The proposed permanent fix to the sustainable growth rate (SGR) formula may bring big changes to interoperability.
Rep. Michael Burgess (R-Tex.) has introduced H.R. 1470 to repeal and replace the Sustainable Growth Rate formula that Medicare uses to pay physicians. The bill as introduced does not include language to change policy on the ICD-10 compliance date or the two-midnight rule pertaining to hospital payments. However, it does lay out a program to have “widespread” electronic health records interoperability in 2019, with the threat that certified EHRs not supporting interoperability could be decertified.
“As a consequence of a significant Federal investment in the implementation of health information technology through the Medicare and Medicaid EHR incentive programs, Congress declares it a national objective to achieve widespread exchange of health information through interoperable EHR technology nationwide by December, 31, 2018,” according to the 158-page bill, available here.

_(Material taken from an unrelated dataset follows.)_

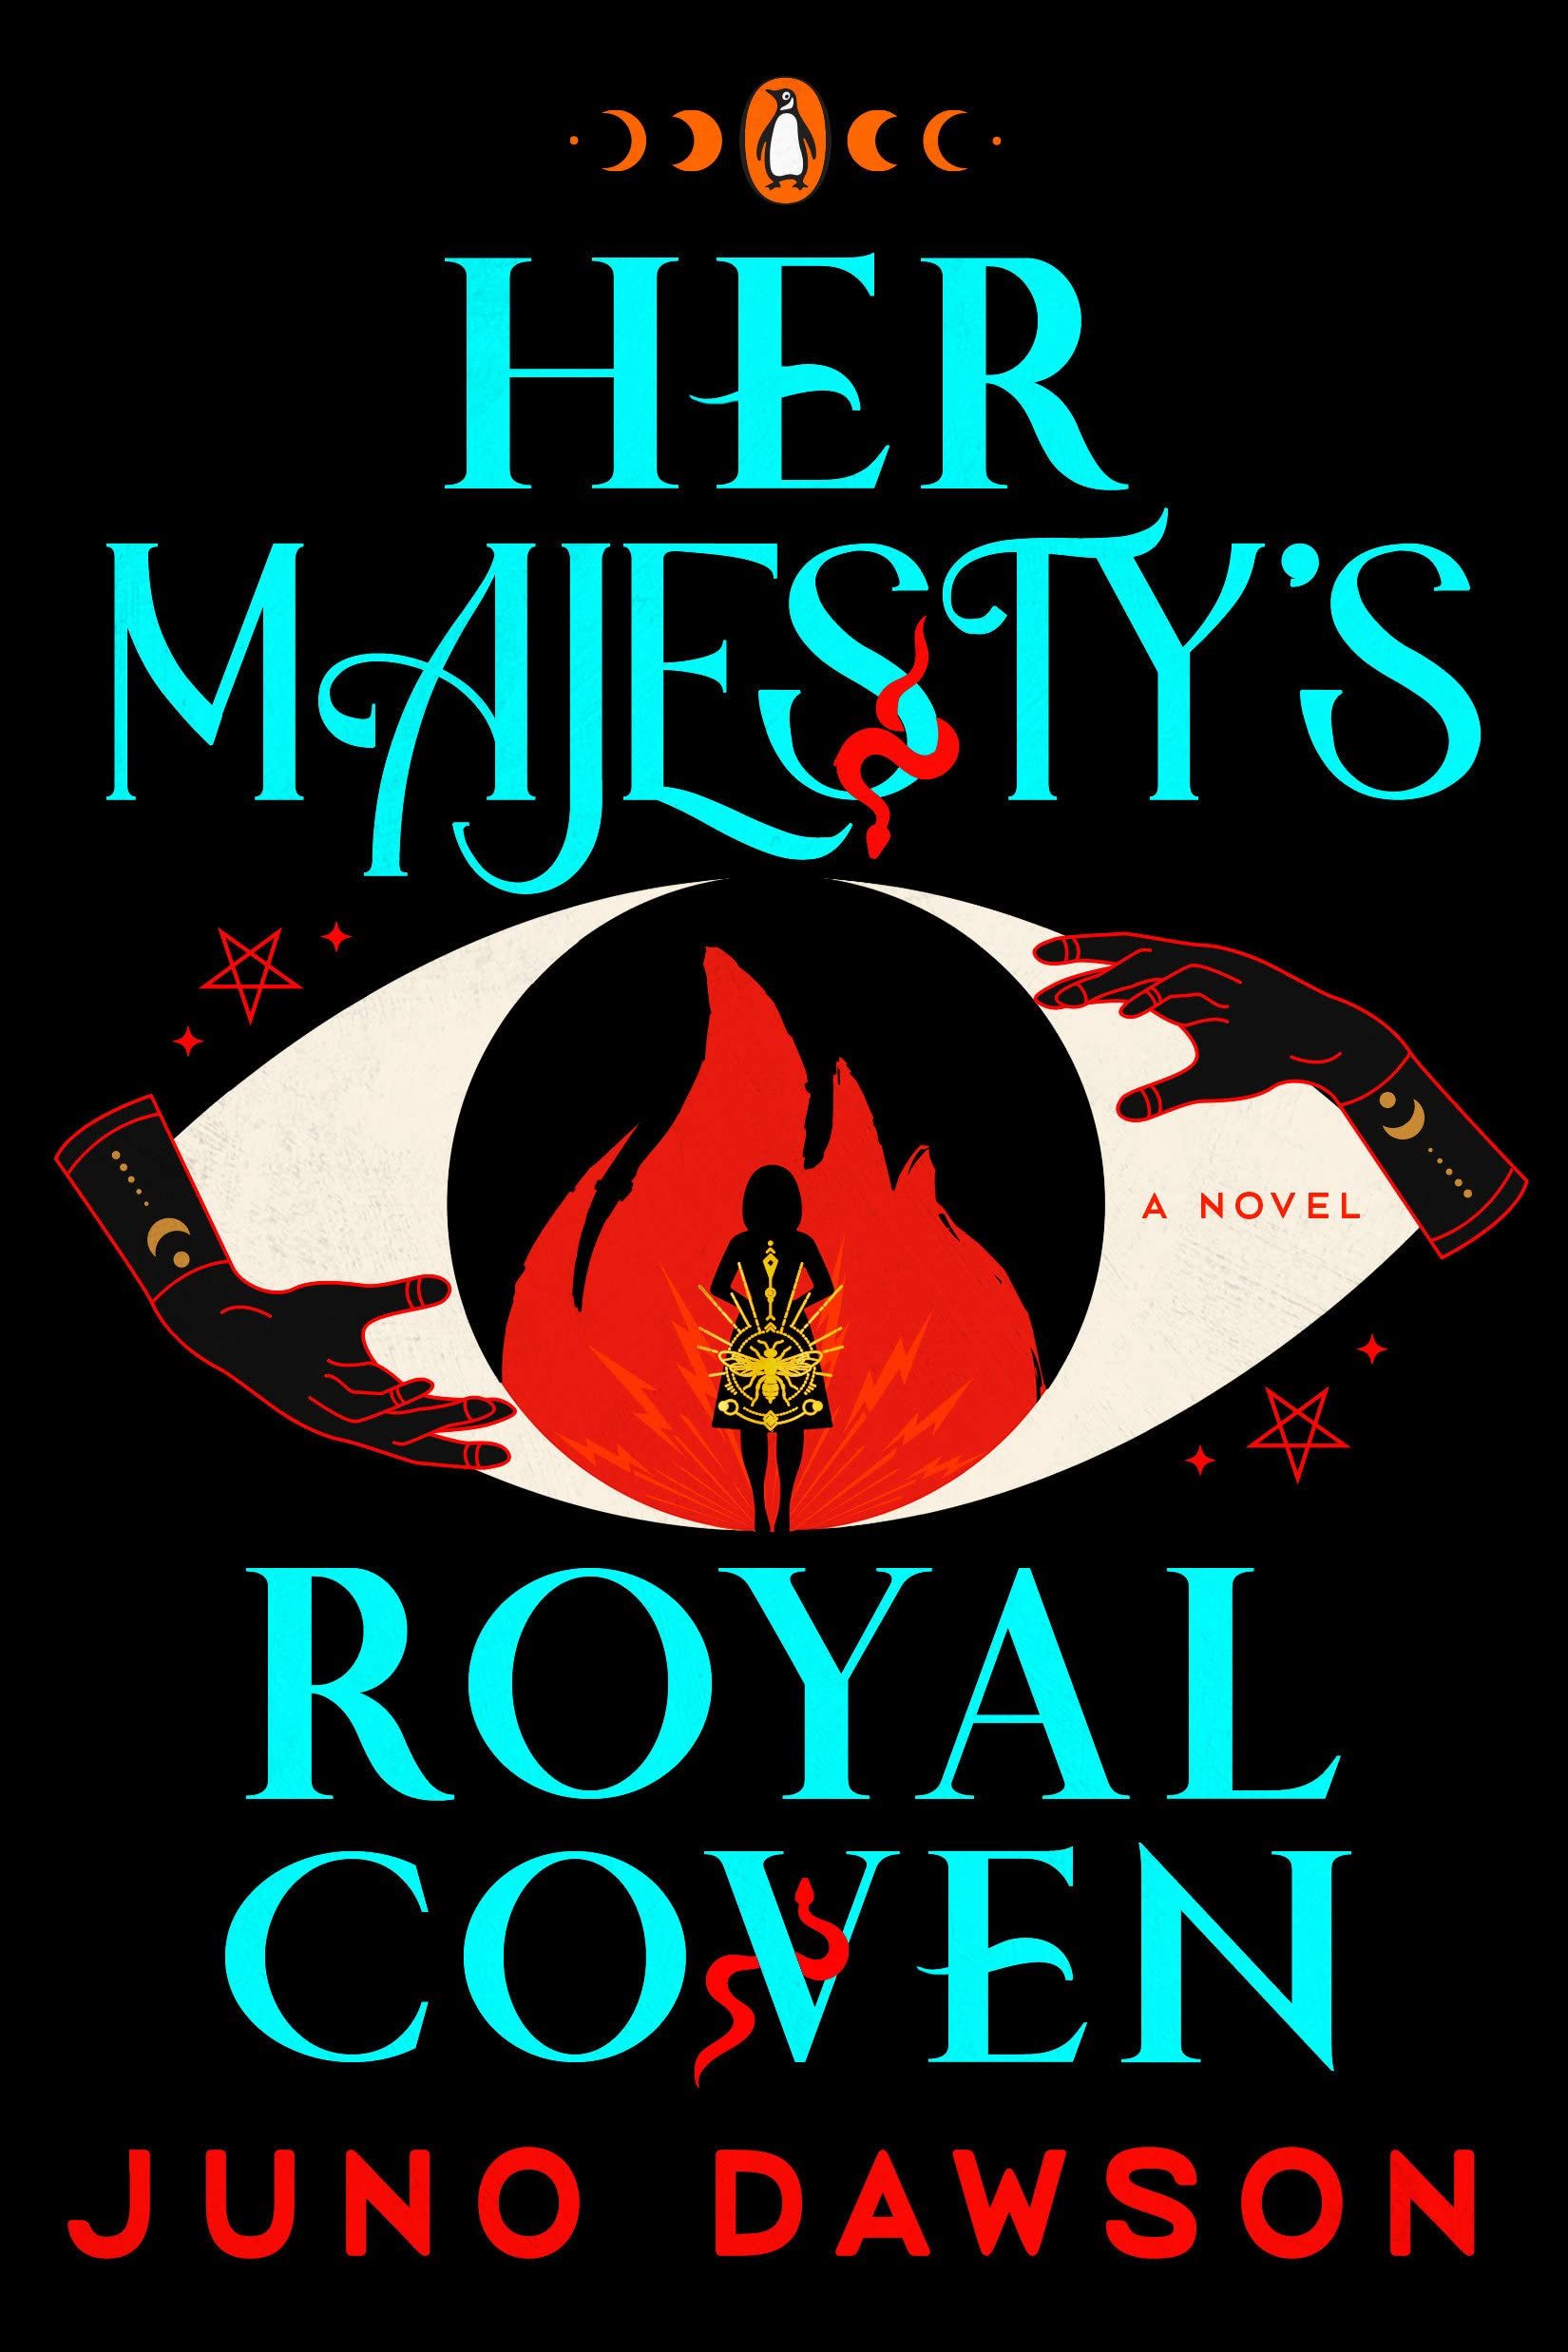 Her Majesty's Royal Coven (Her Majesty's Royal Coven #1)

Burgess’ legislation, which won’t be the only SGR bill being considered in the House and Senate, defines widespread interoperability as meaning “interoperability between certified EHR systems employed by meaningful EHR users under the Medicare and Medicaid EHR incentive programs and other clinicians and healthcare providers on a nationwide basis.” The bill includes incentives, such as streamlined quality reporting, for providers who are not eligible for the meaningful use program to use certified EHRs.

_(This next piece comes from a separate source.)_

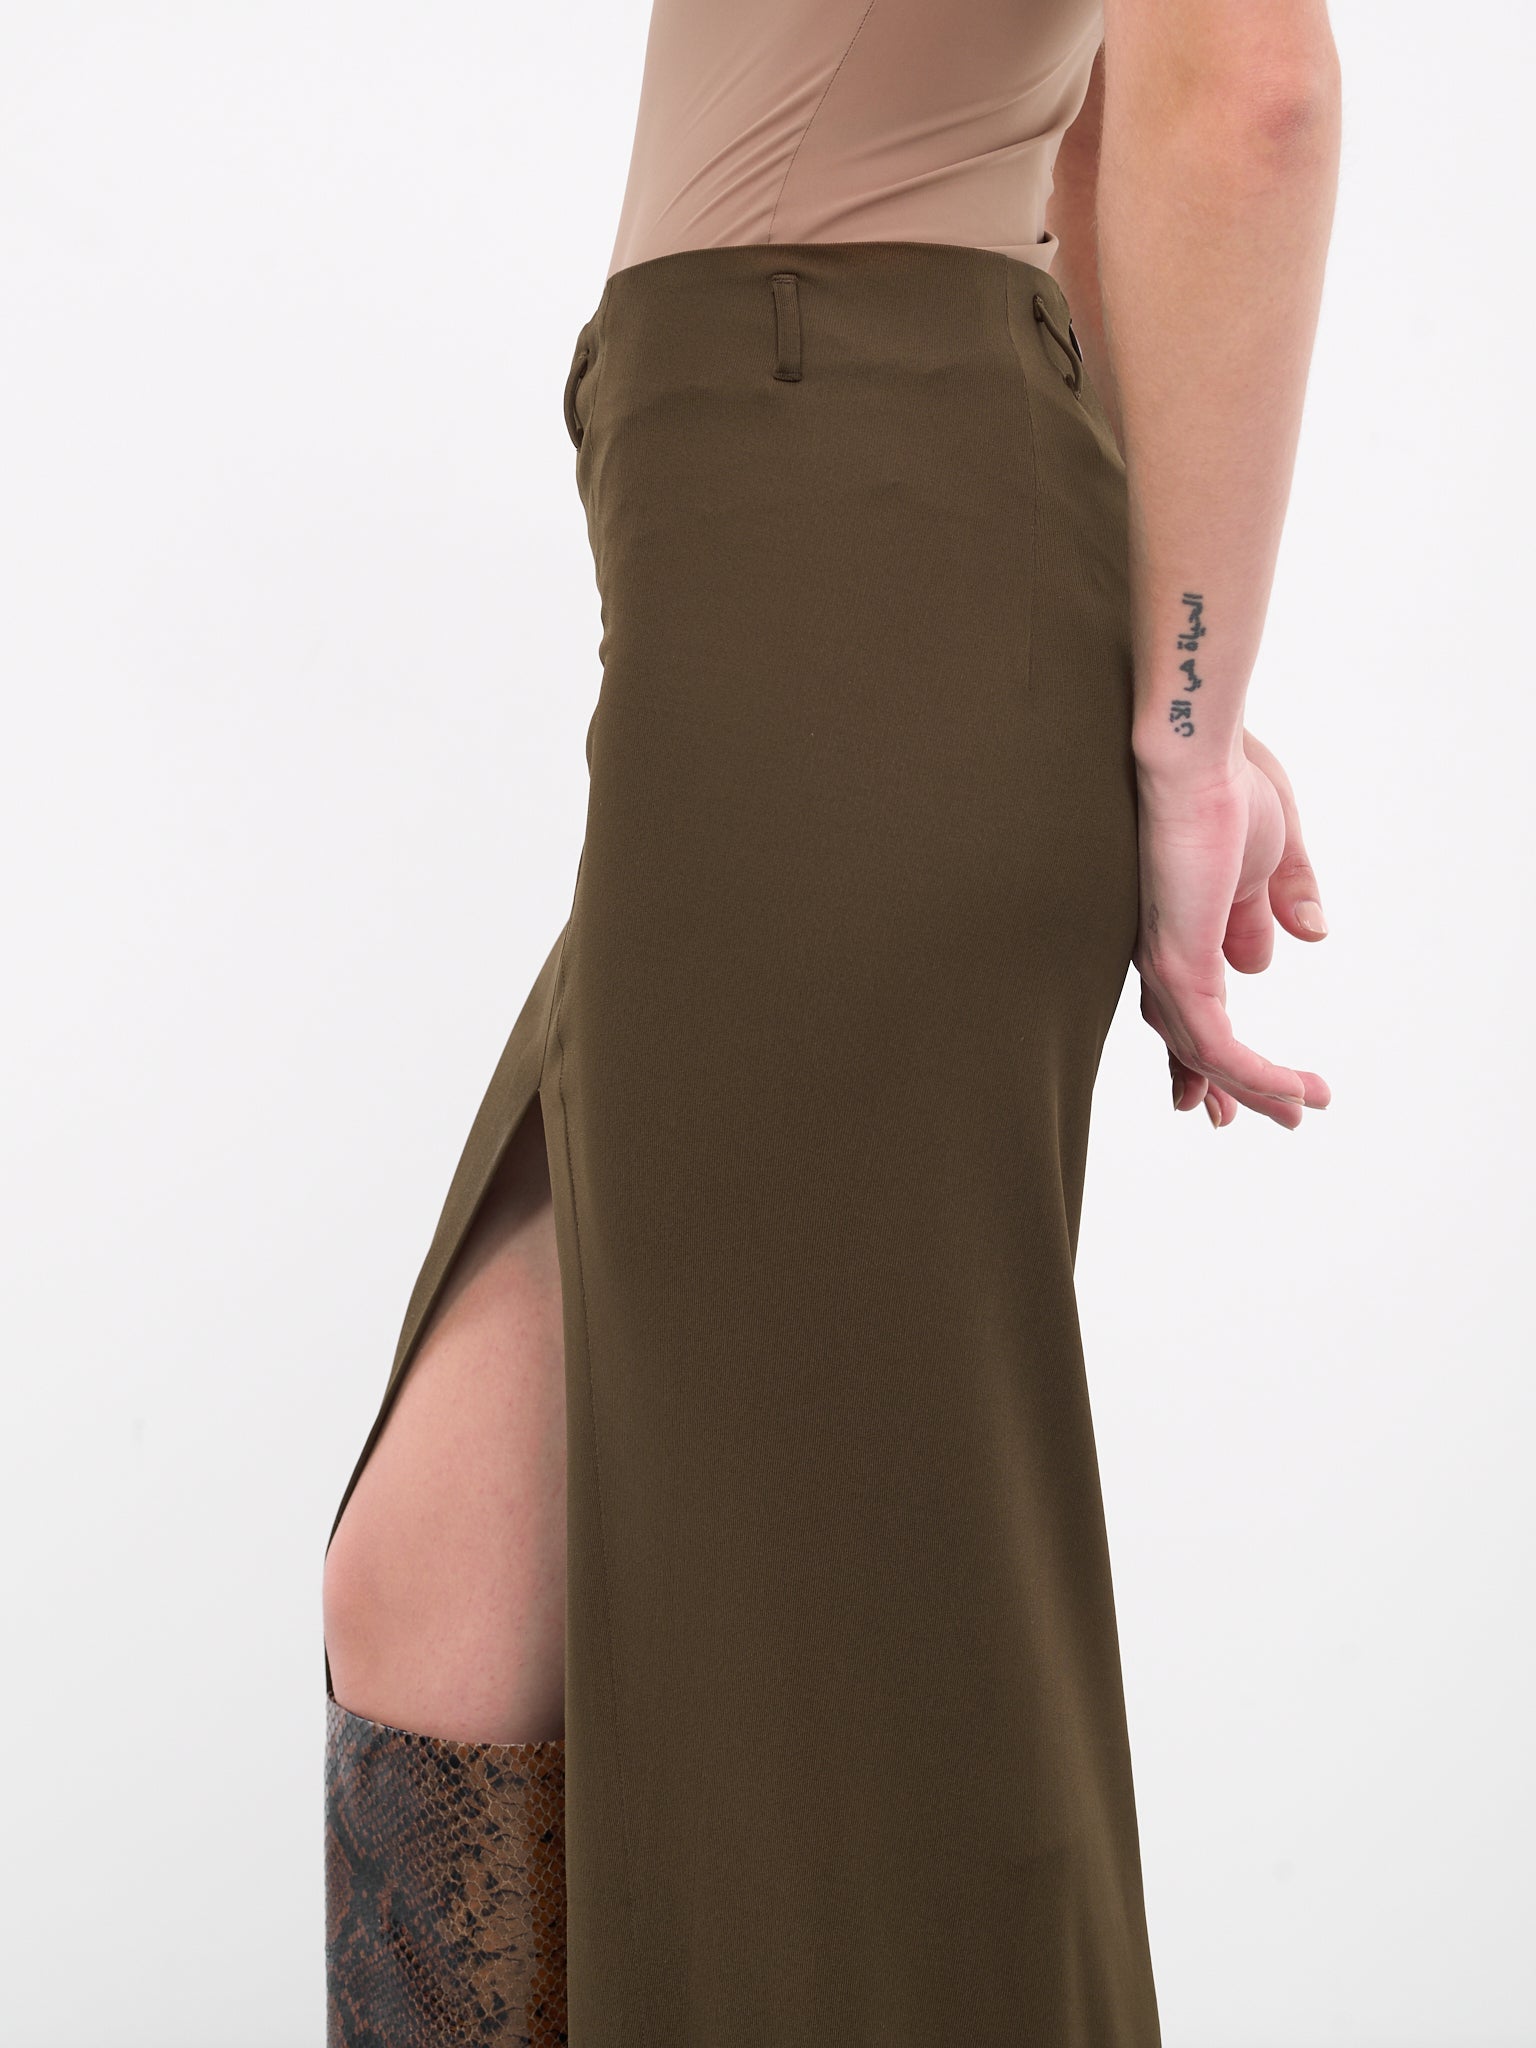 Strangelove Skirt (STRANGELOVE-R1-UMBER)

In the legislation, interoperability is defined as “the ability of two or more health information systems or components to exchange clinical and other information and to use the information that has been exchanged using common standards as to provide access to longitudinal information for health care providers in order to facilitate coordinated care and improved patient outcomes.”

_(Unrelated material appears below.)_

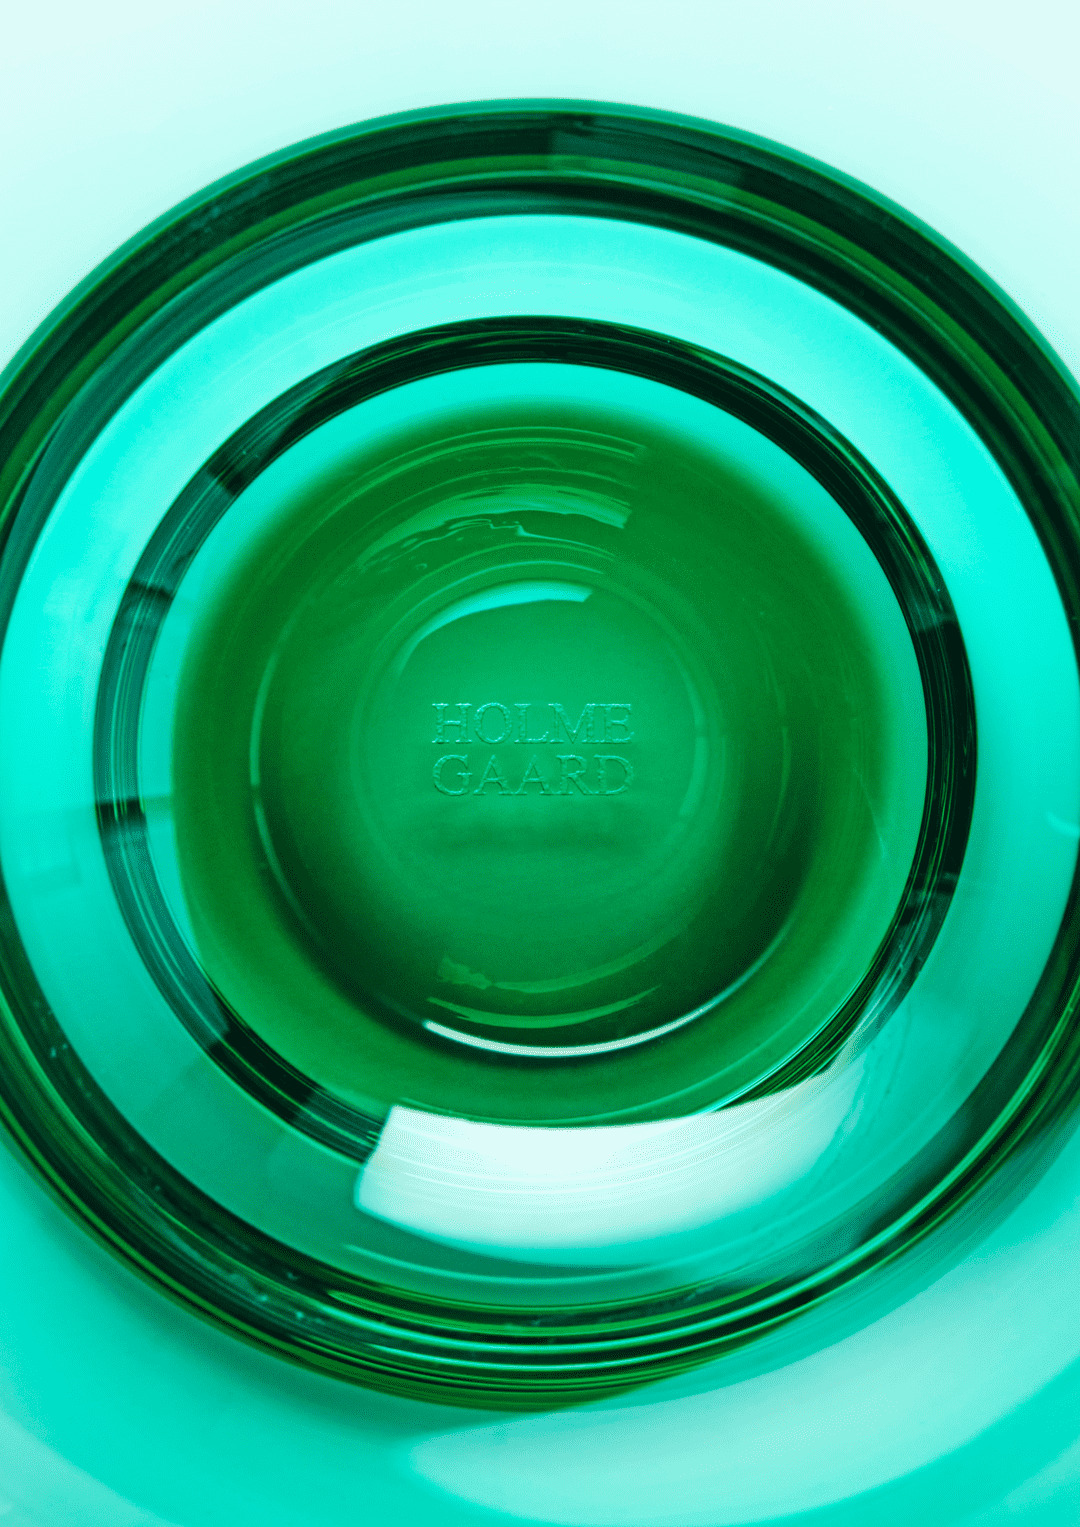 Flow Vandglas 35 cl emerald green

Further, the Department of Health and Human Services would be tasked to establish metrics to identify the extent to which interoperability objectives are being achieved, and to submit a report to Congress identifying objectives not being met along with recommendations to get them back on track. These recommended actions could include: “to adjust payments for not being meaningful EHR users under the Medicare EHR incentive programs;” and “criteria for decertifying certified EHR technology products.”
The legislation also calls for EHR users to demonstrate, possibly through attestation, that they have not “knowingly and willfully taken action (such as to disable functionality) to limit or restrict the compatibility or interoperability of the certified EHR technology.”